AOE web server has been maintained for five years. From the usage statistics (from July 2015 to Oct 2019), there were 95,334 visits, 393,174 page views, and 630,837 hits. The fact that two-thirds of visits were under 30seconds indicates that users accessed the AOE web server in their web browser with an instant query with specific keywords.

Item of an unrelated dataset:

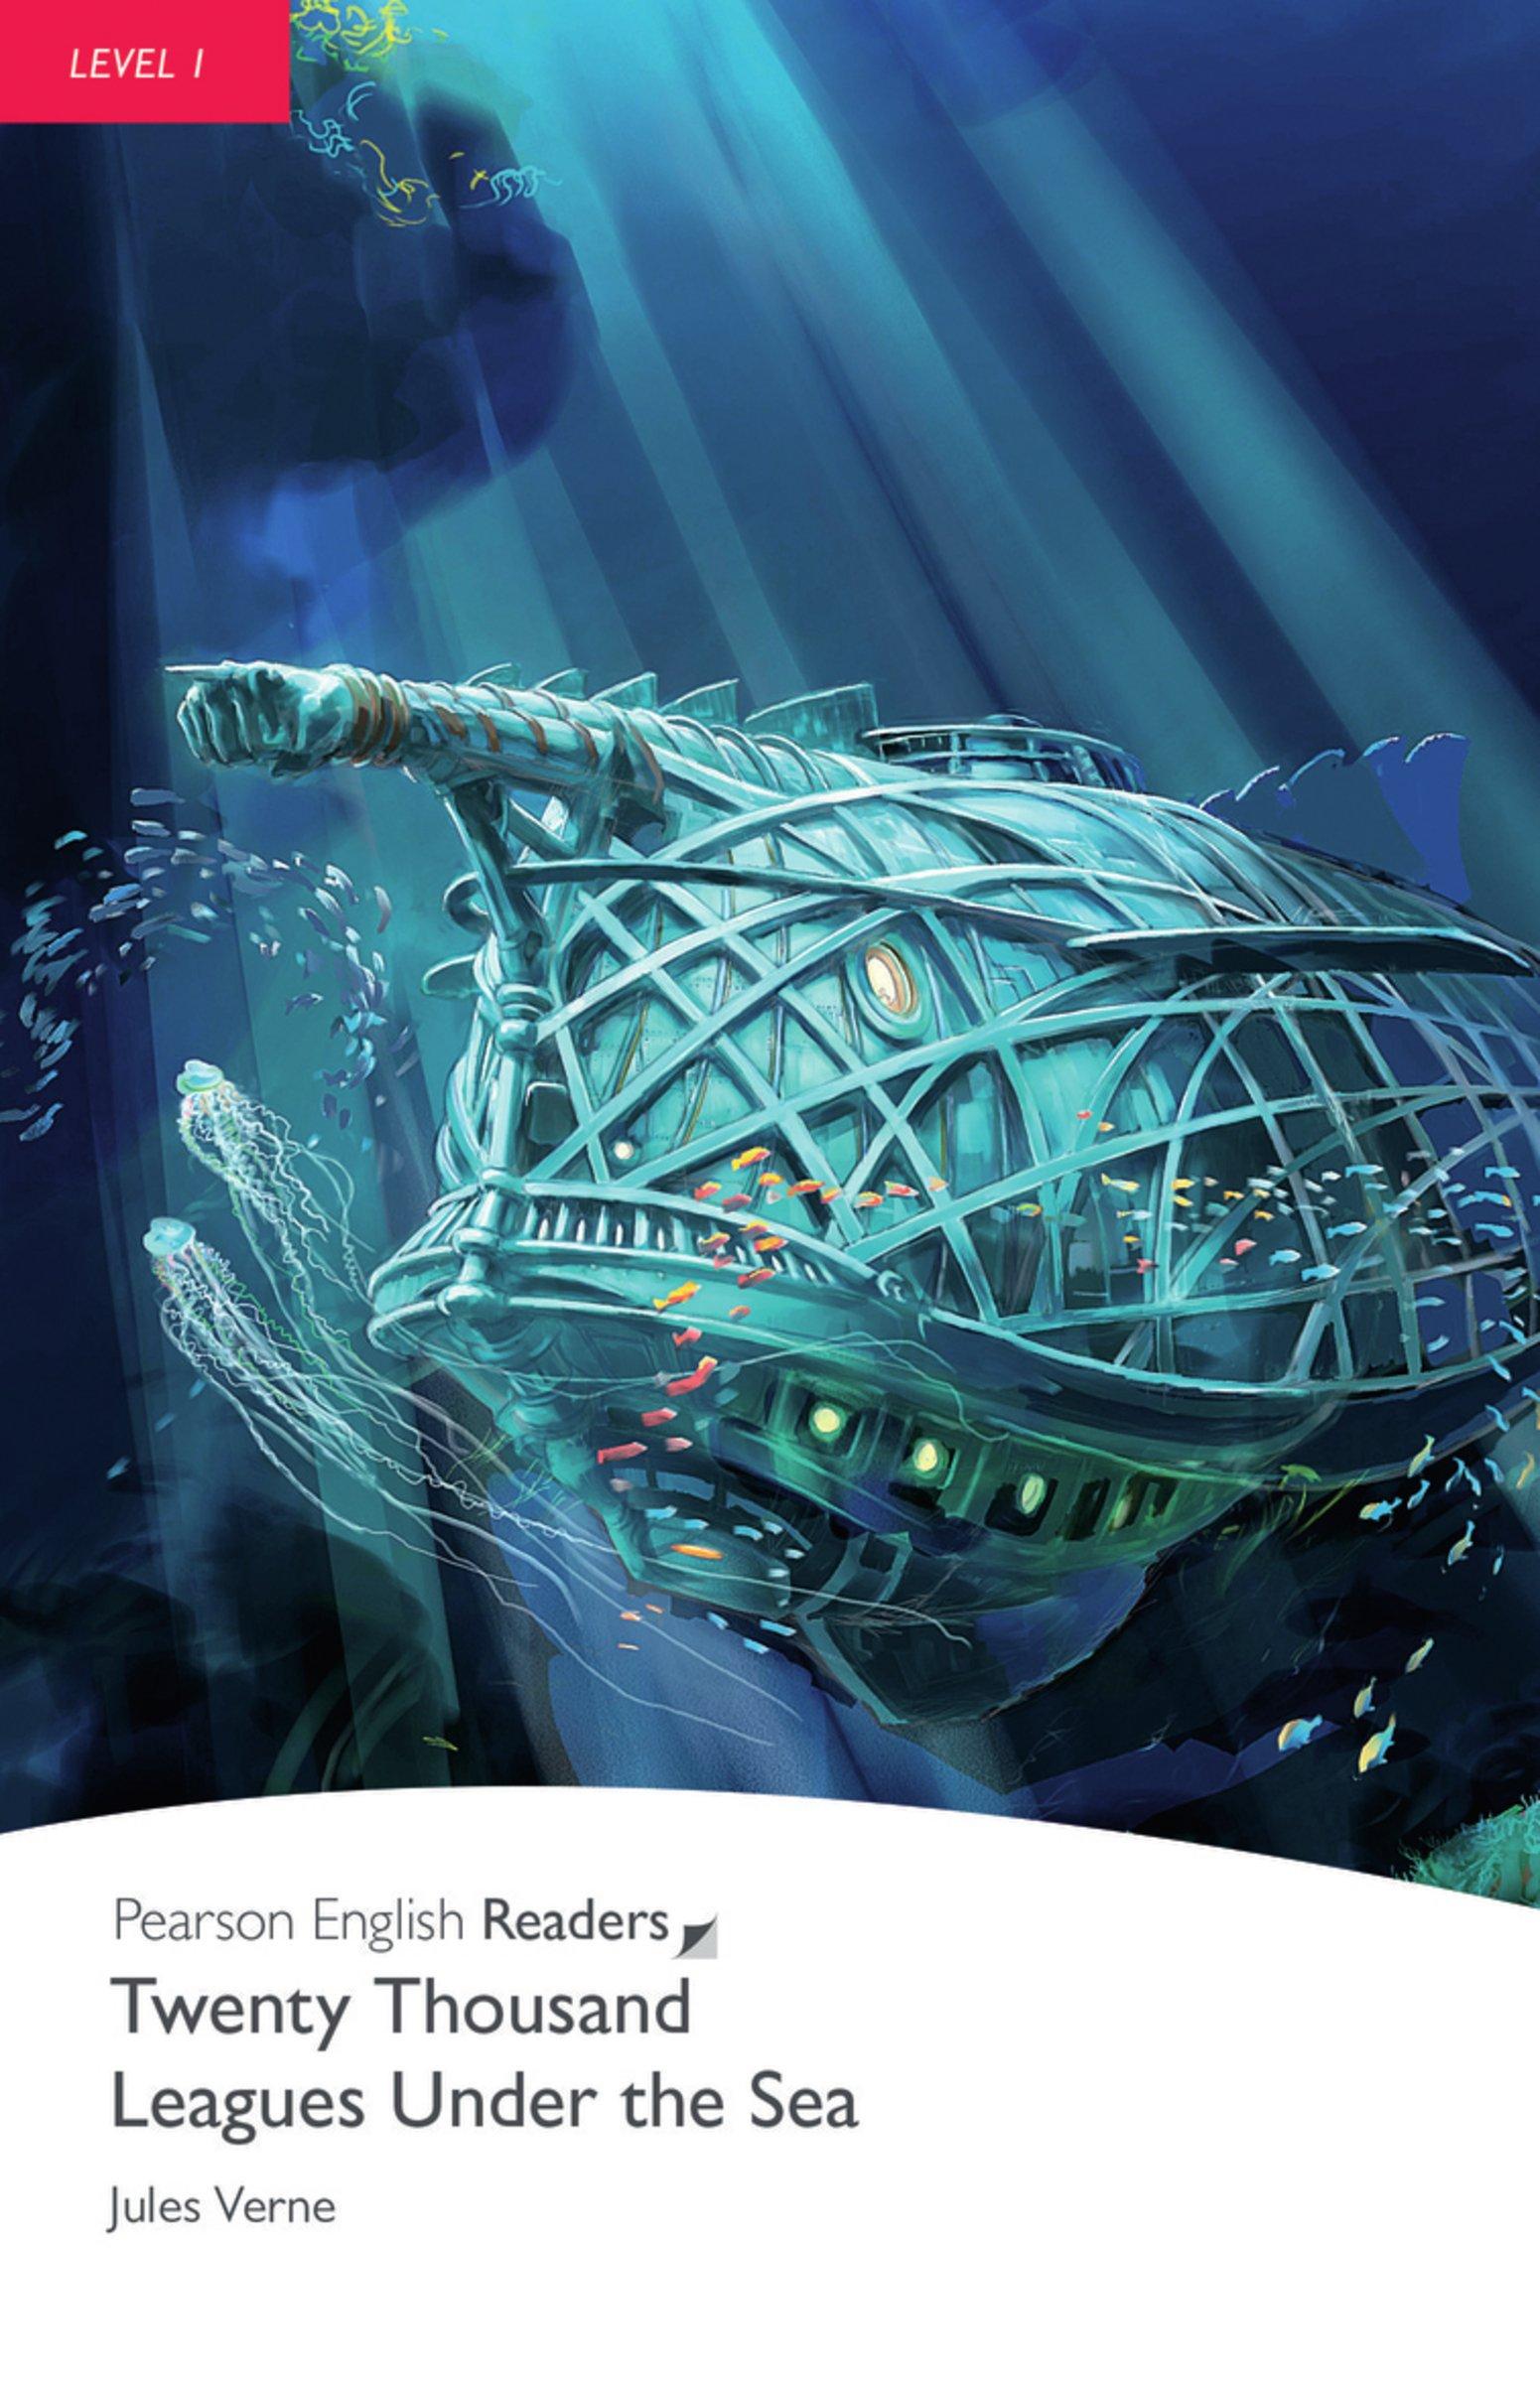 Twenty Thousand Leagues Under the Sea - Leichte Englisch-Lektüre (A1) (Pearson Readers - Level 1)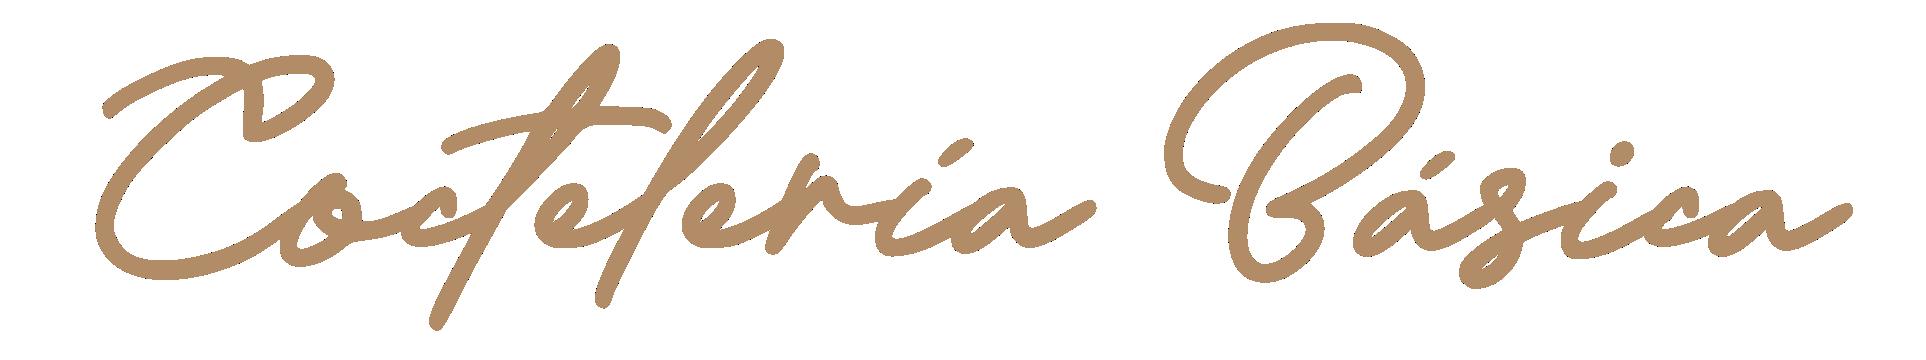 https://tequila1921.com/wp-content/uploads/2020/02/1921_cocteleria_basica.png

Application programming interface

Users can also query AOE via API. AOE provides a simple Representational State Transfer (REST) API that enables users to perform searches with their client programs in an automated manner. The search results in a JSON formatted output can be retrieved through the following URL:

https://aoe.dbcls.jp/api/search?fulltext=KEYWORD&[Technology=TECHNOLOGY&Organisms=ORGANISM&page=OFFSET&size=SIZE]

KEYWORD: keyword to search AOE

TECHNOLOGY: technology to use expression profiling (sequencing, microarray, Affymetrix, Agilent, Illumina, etc.)

ORGANISM: ‘homo%20sapiens’ for human, ‘mus%20musculus’ for mouse, etc.

OFFSET: the page number

SIZE: the number of results in one page

1. A search for the keyword ‘hypoxia’ with 25 results in one page is represented as follows:

https://aoe.dbcls.jp/api/search?fulltext=hypoxia&page=1&size=25

2. A search for human data in RNA-seq (sequencing assay) with twenty-five results in one page is represented as follows:

https://aoe.dbcls.jp/api/search?Technology=sequencing&organisms=homo%20sapiens&page=1&size=25

A precise description for the AOE API is available from the AOE website or directly from the DBCLS AOE GitHub website at https://github.com/dbcls/AOE/blob/master/API_documentation.md.

Discussion

We have developed and maintained an index of public gene expression databases, called All Of gene Expression (AOE). AOE originally began as an index for the ArrayExpress (AE) database maintained at EBI (we call this ‘AOE level 1’), because AE had exported gene expression data from Gene Expression Omnibus (GEO), which is the largest gene expression database maintained at NCBI. That meant AE contained all gene expression data, including those deposited to GEO.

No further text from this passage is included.